Leaving out all pictures, return exactly the lines from the one that contains "The Castle Mountain massif." through the end of the data below.

- Dataset extract -

%%

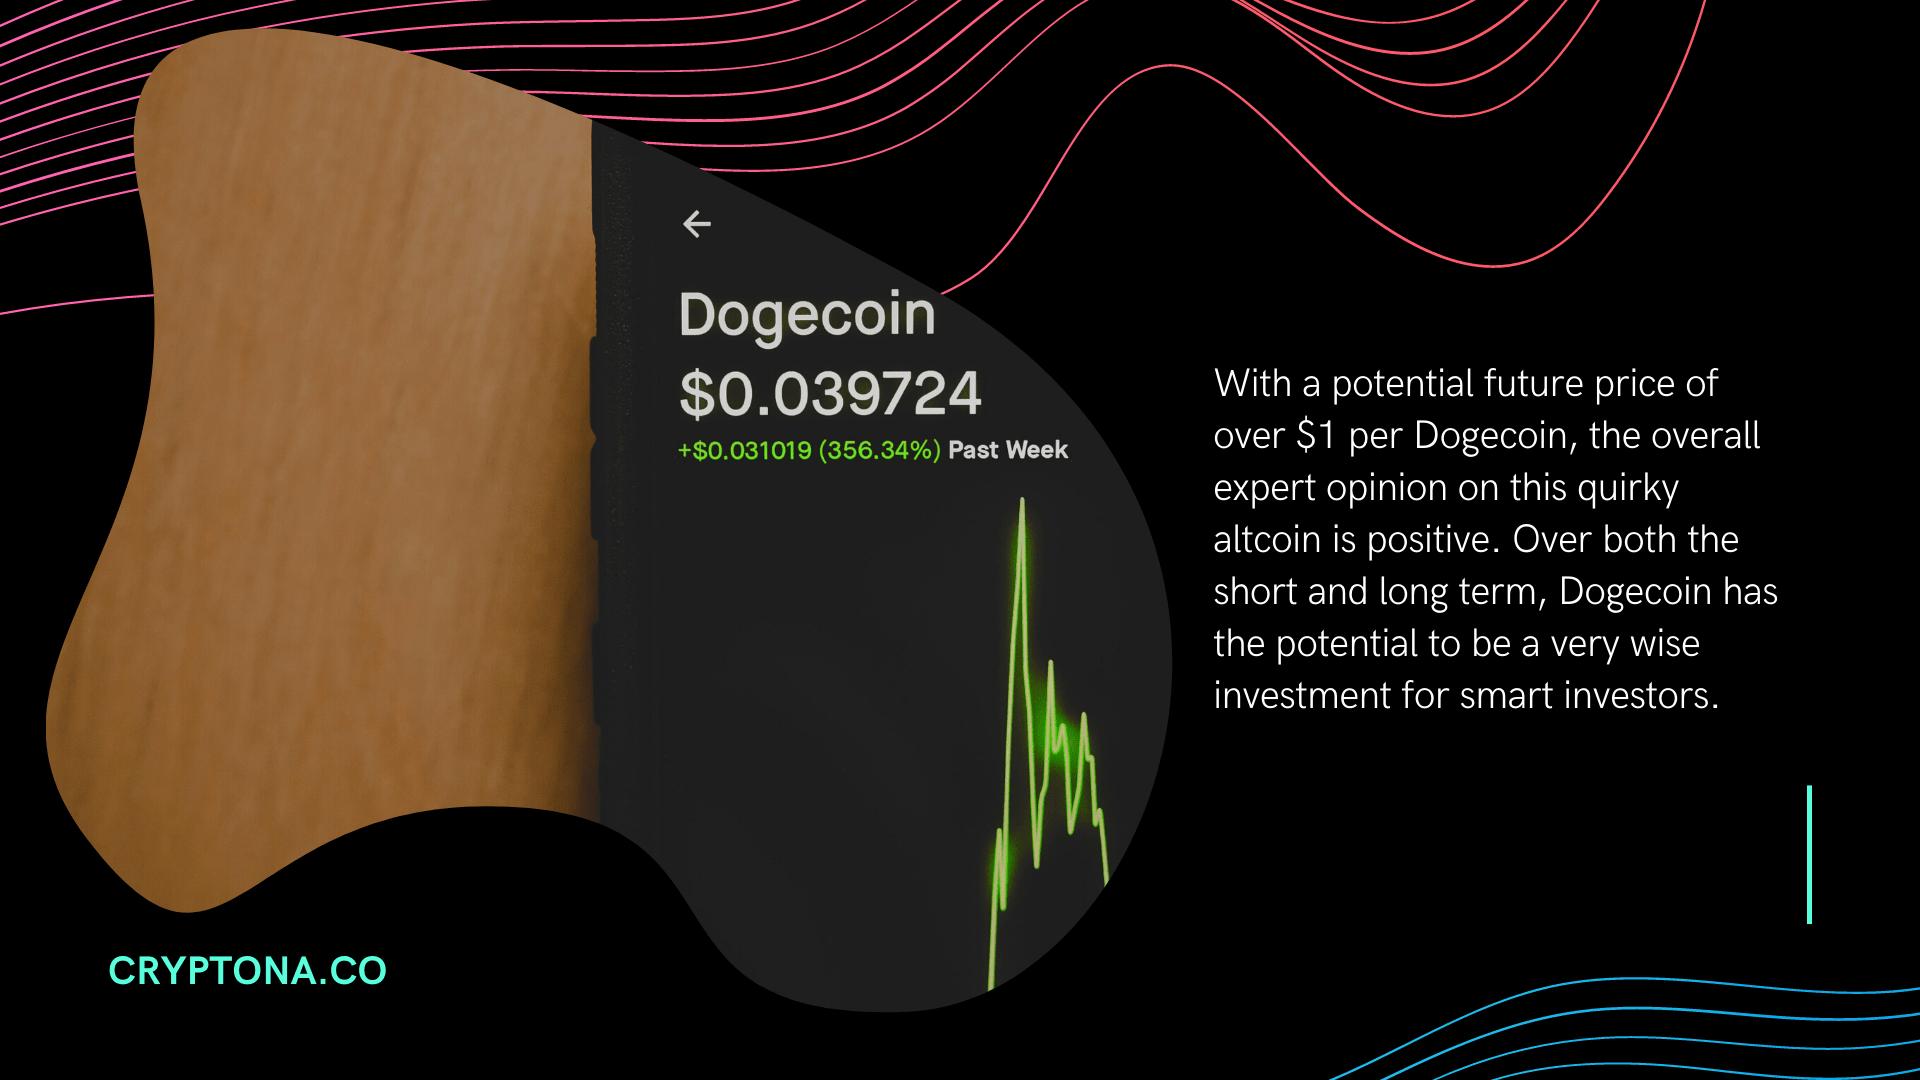 Dogecoin Price Prediction Forecast 2021-2025 – Cryptona
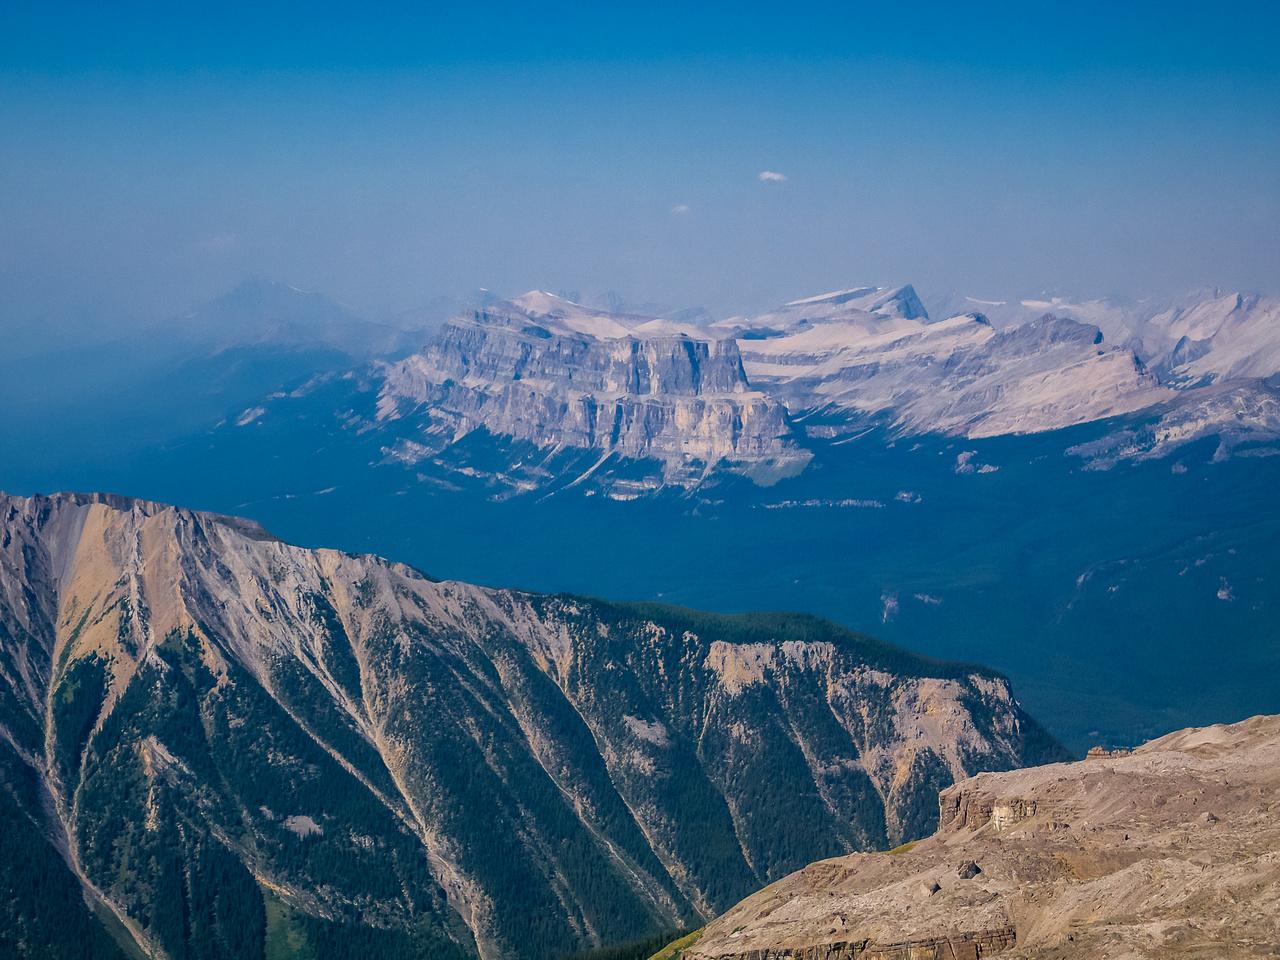 The Castle Mountain massif.
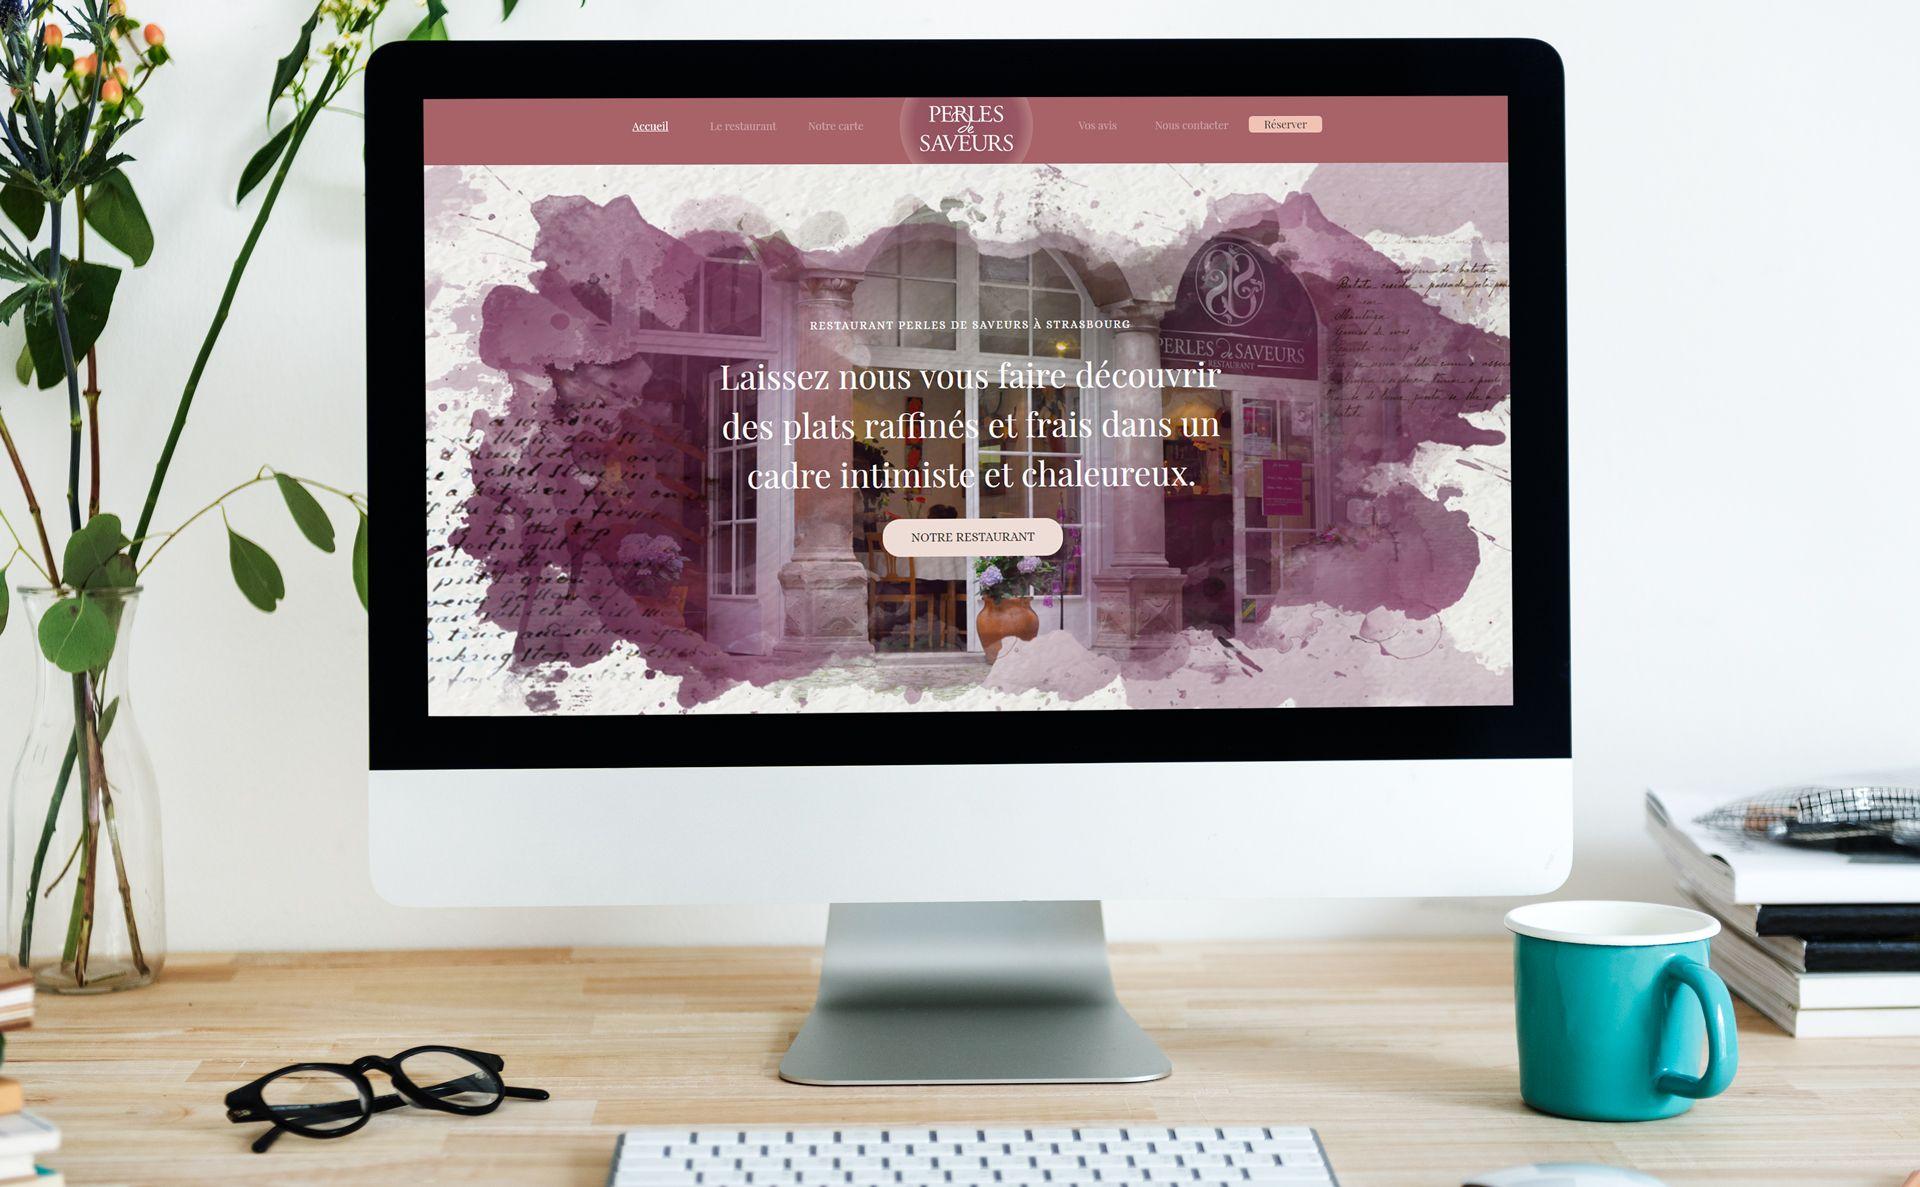 Site web 2019 Perles de Saveurs
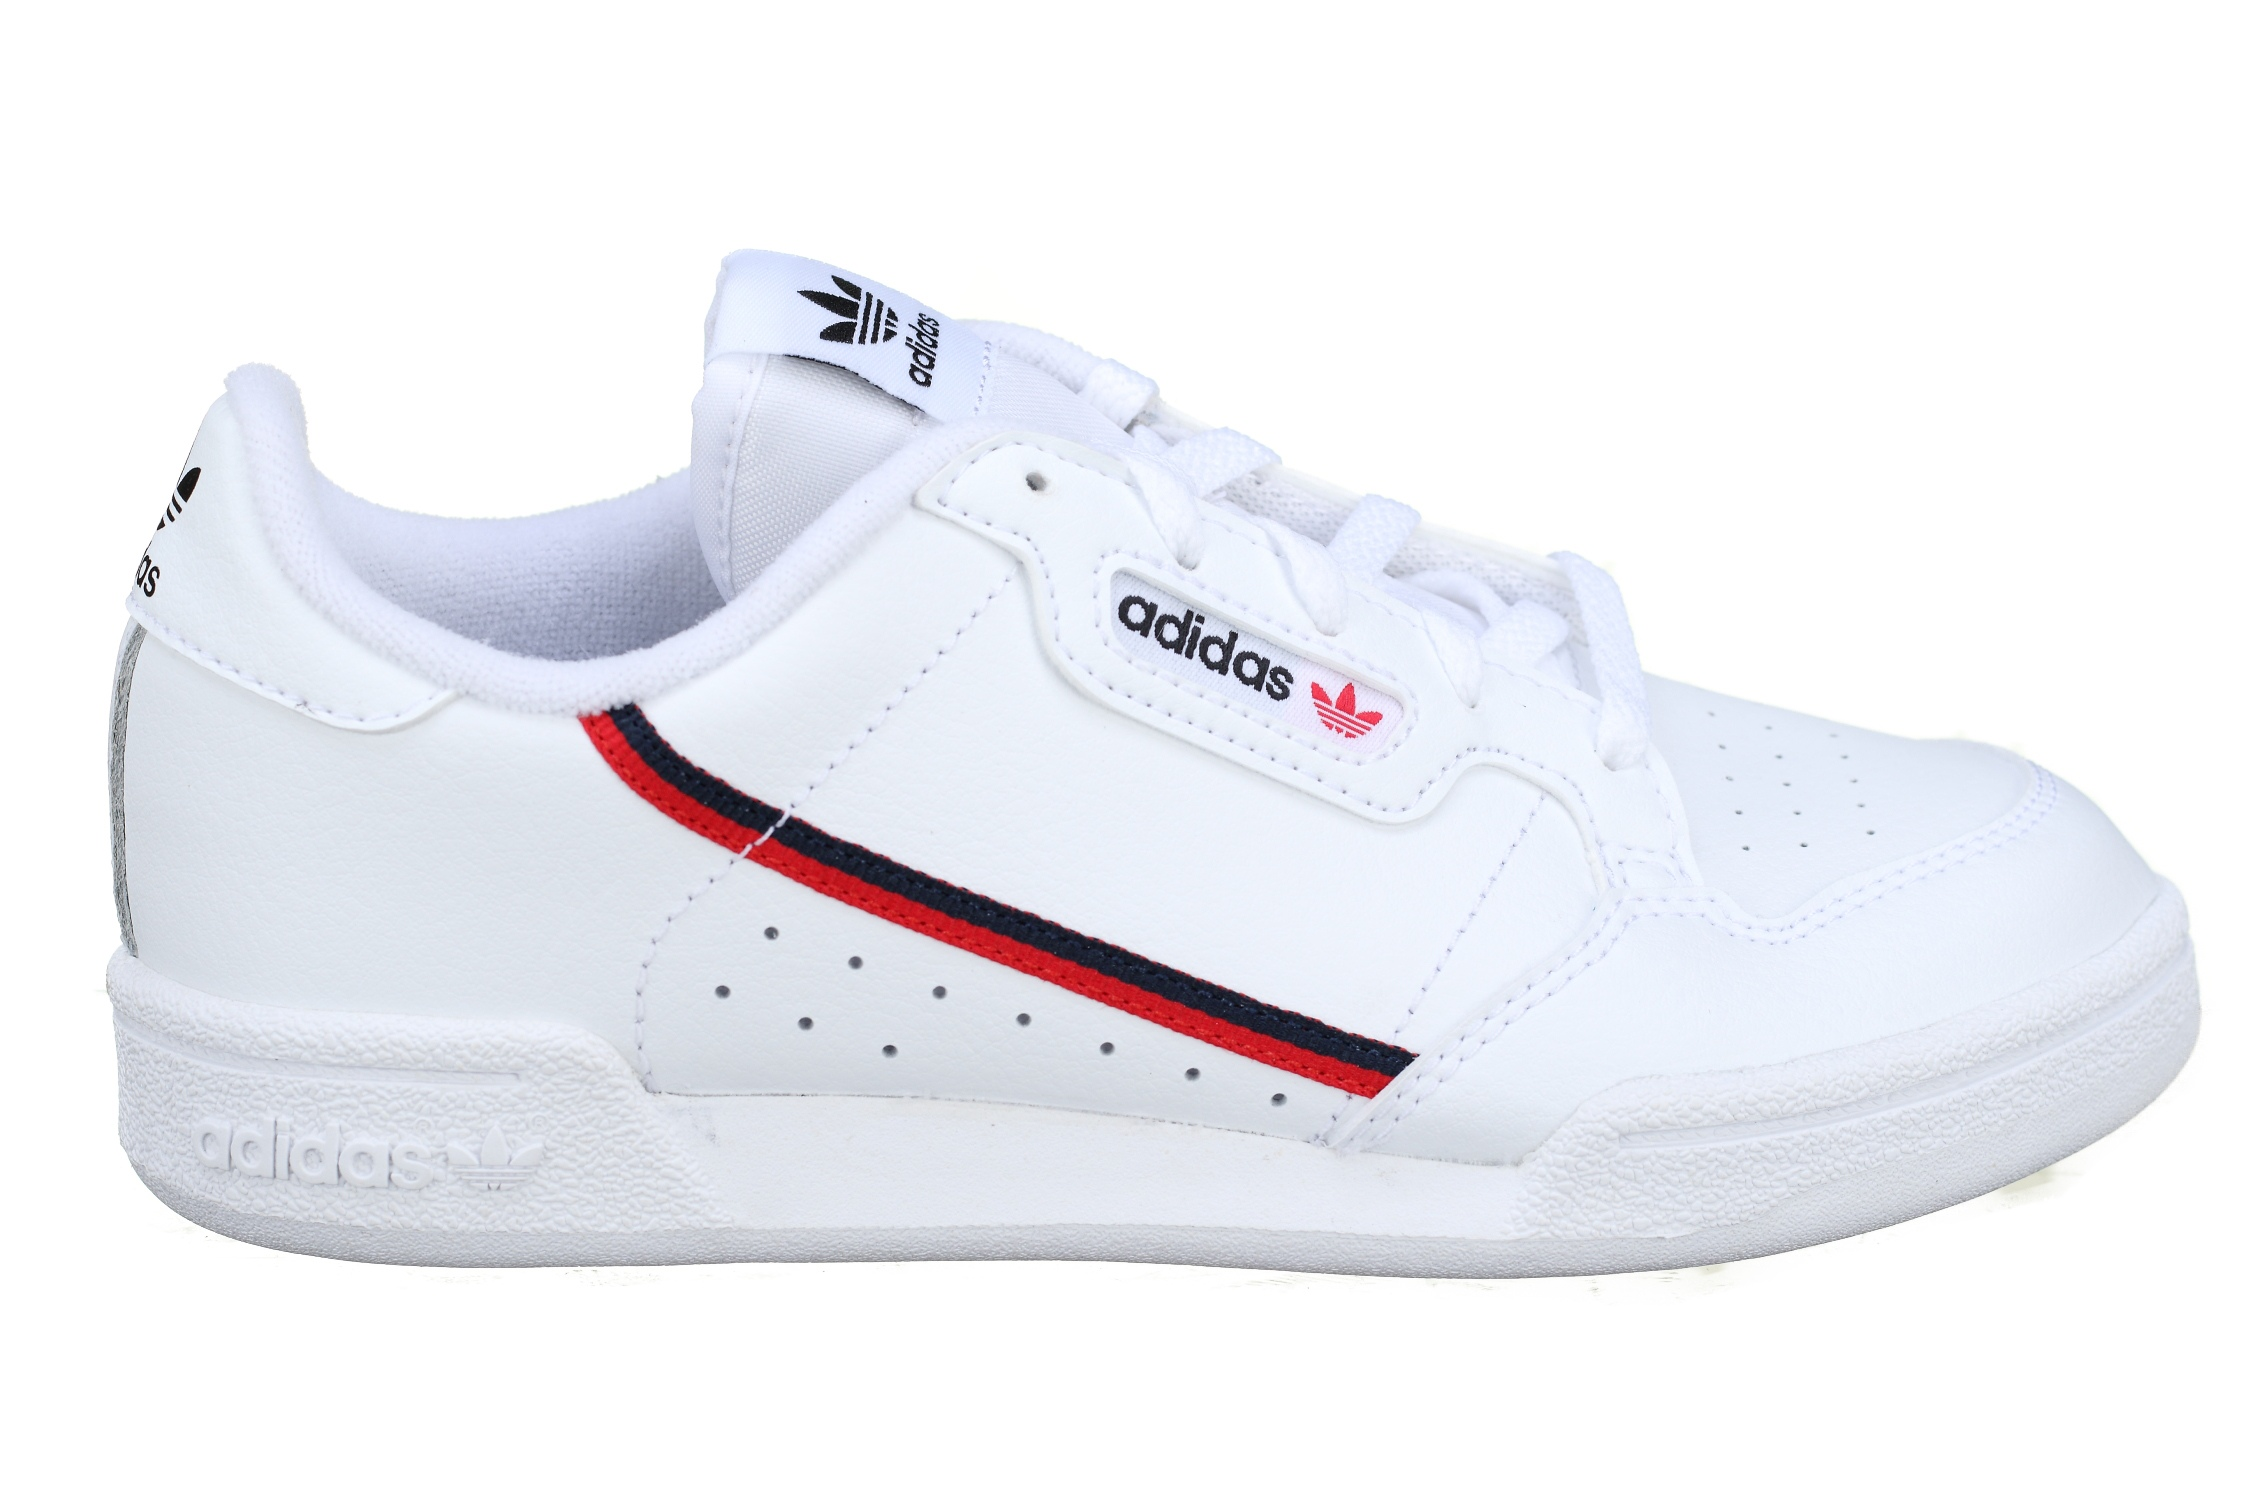 http://www.leadermode.com/163138/adidas-continental-80-c-g28215-blanc.jpg

%%

- Response for this exercise -
 The Castle Mountain massif.
 Site web 2019 Perles de Saveurs
 http://www.leadermode.com/163138/adidas-continental-80-c-g28215-blanc.jpg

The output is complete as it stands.